**TASK BRIEF:** Word for word, print each line of the listing below; pictures stay out.
*** Opening INFORMATION SUPPLIED ***
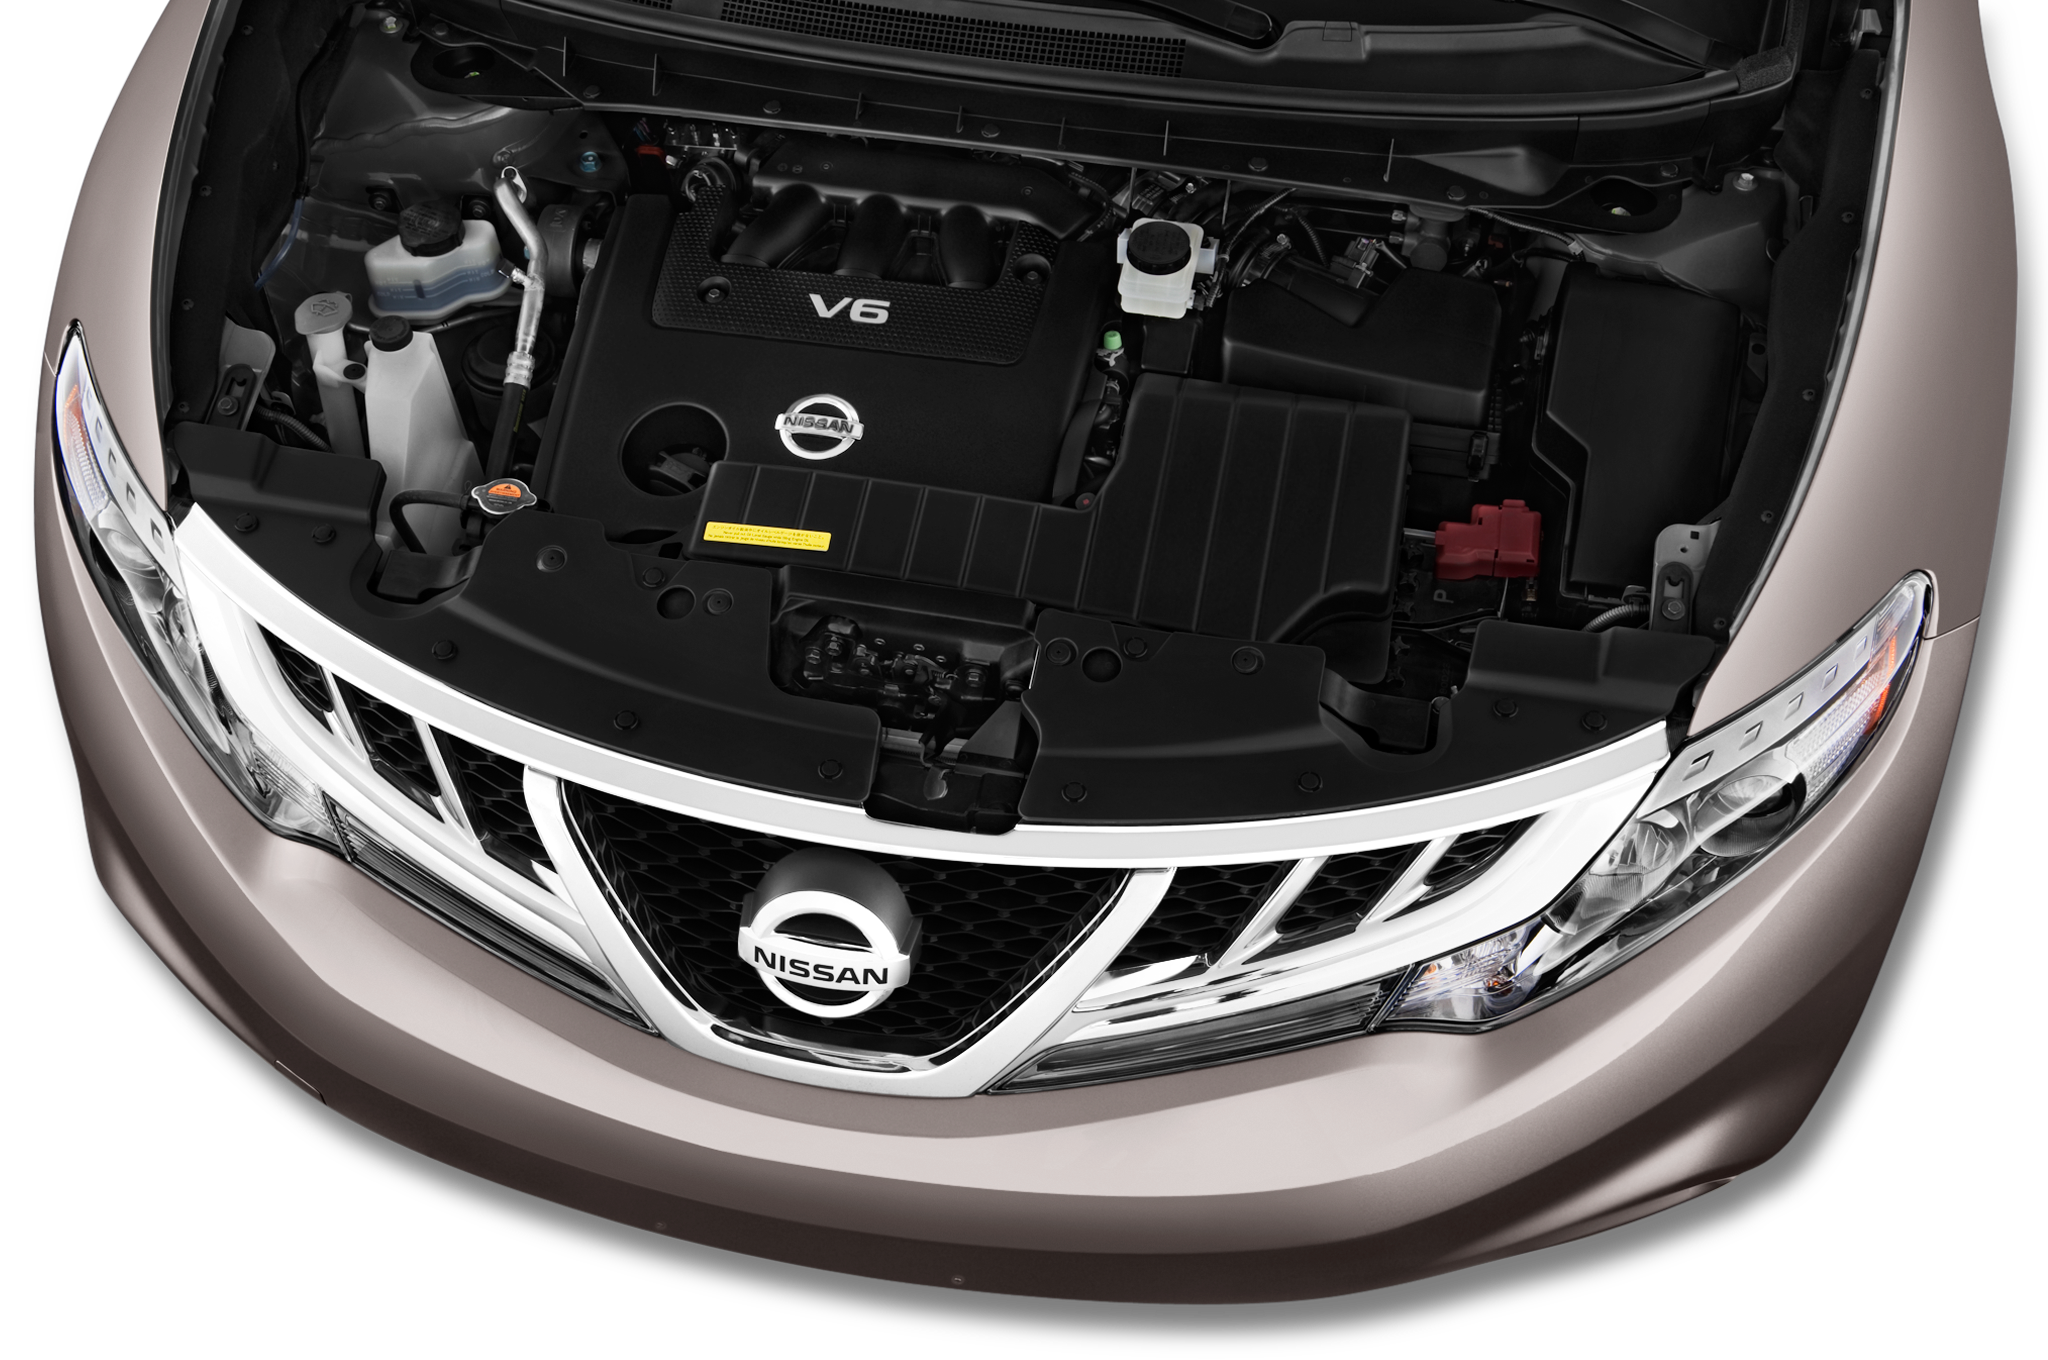 2012 Nissan Murano Le Awd Editors Notebook Automobile
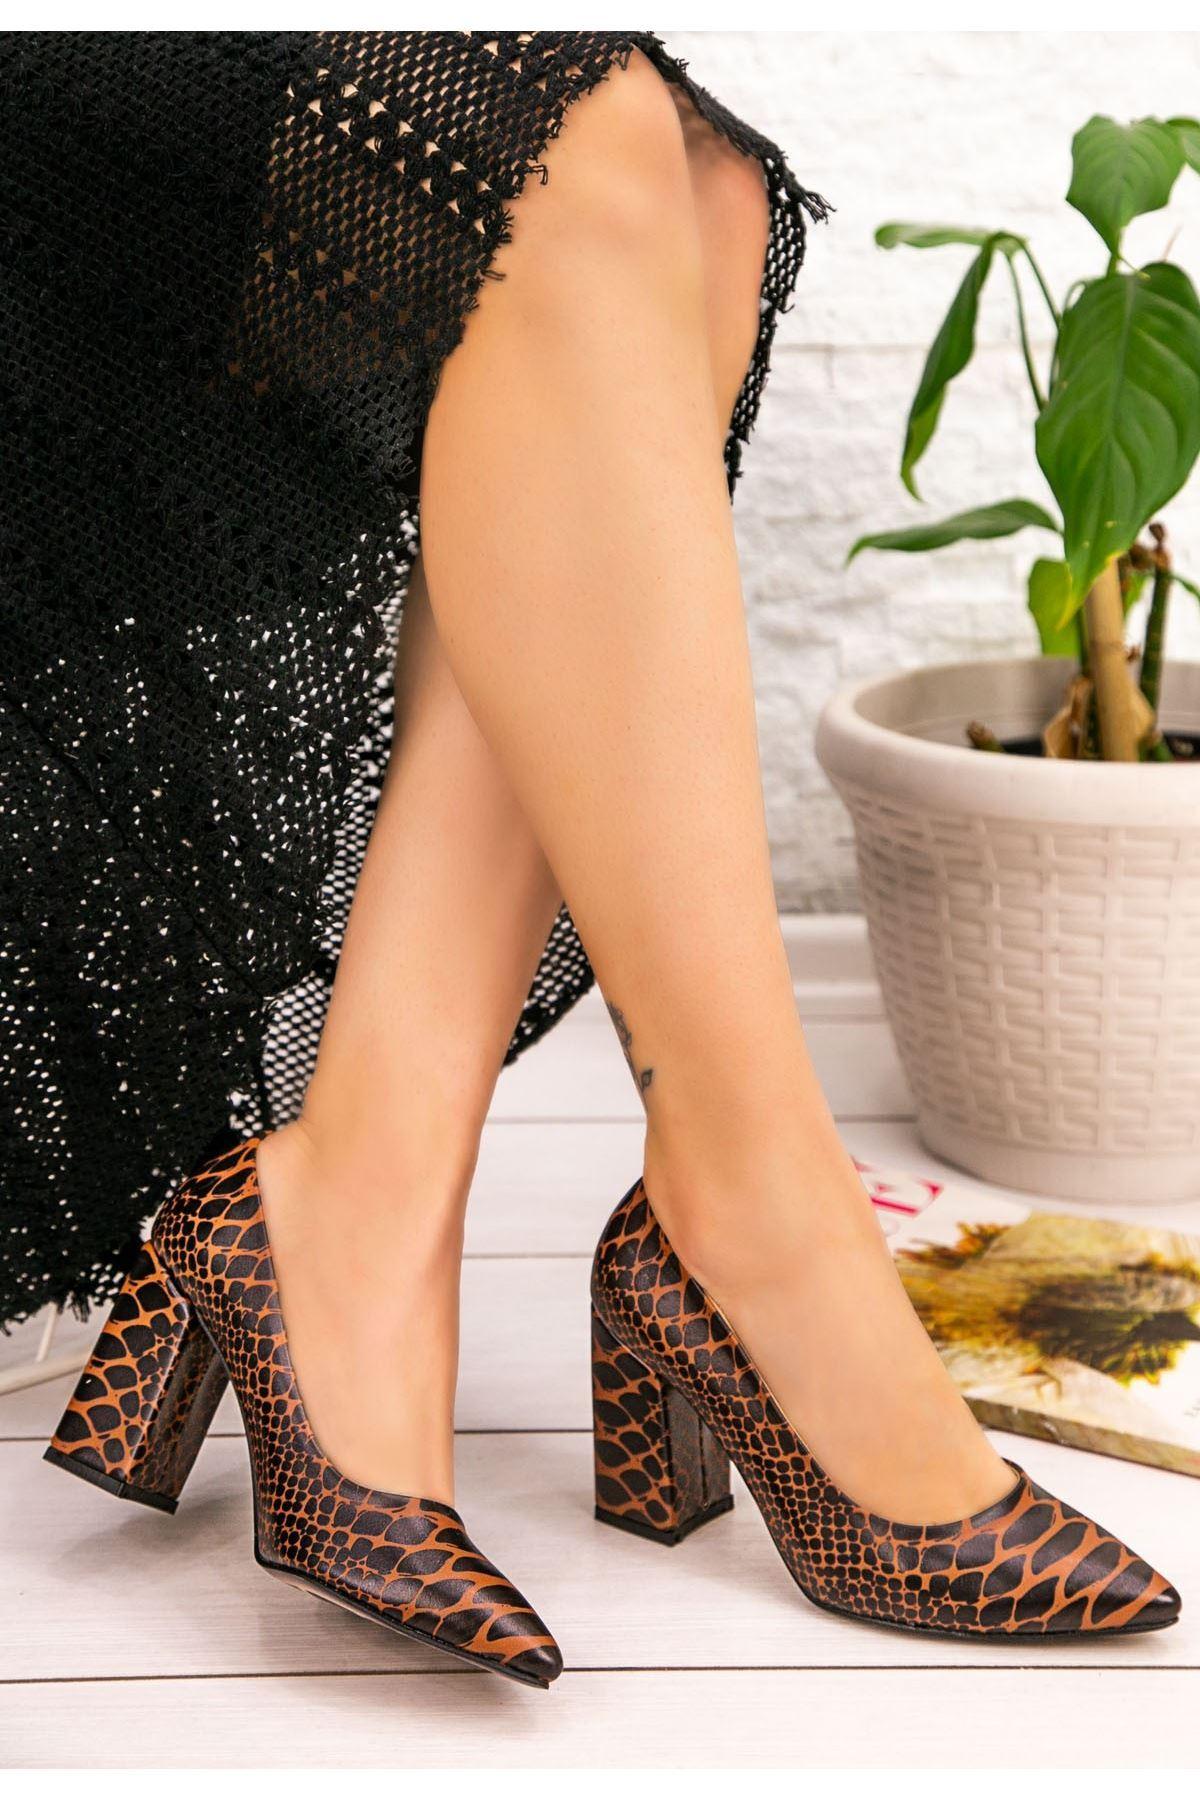 Sest Kahverengi Cilt Yılan Detaylı Topuklu Ayakkabı
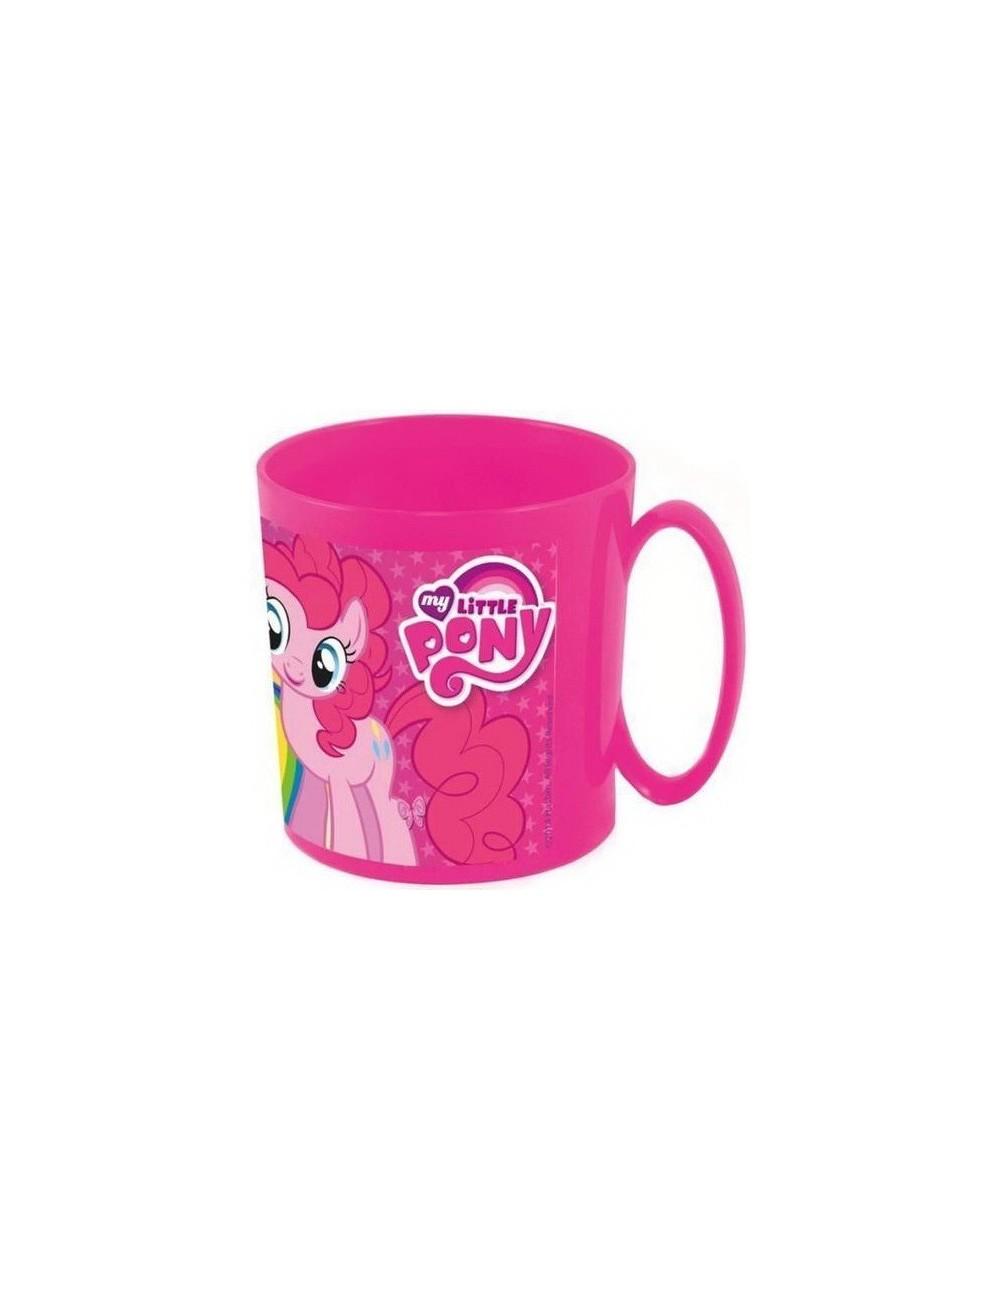 Cana microunde 350 ml, My little Pony, fucsia
*** Closing INFORMATION SUPPLIED ***
**YOUR SOLUTION:**
 2012 Nissan Murano Le Awd Editors Notebook Automobile
 Sest Kahverengi Cilt Yılan Detaylı Topuklu Ayakkabı
 Cana microunde 350 ml, My little Pony, fucsia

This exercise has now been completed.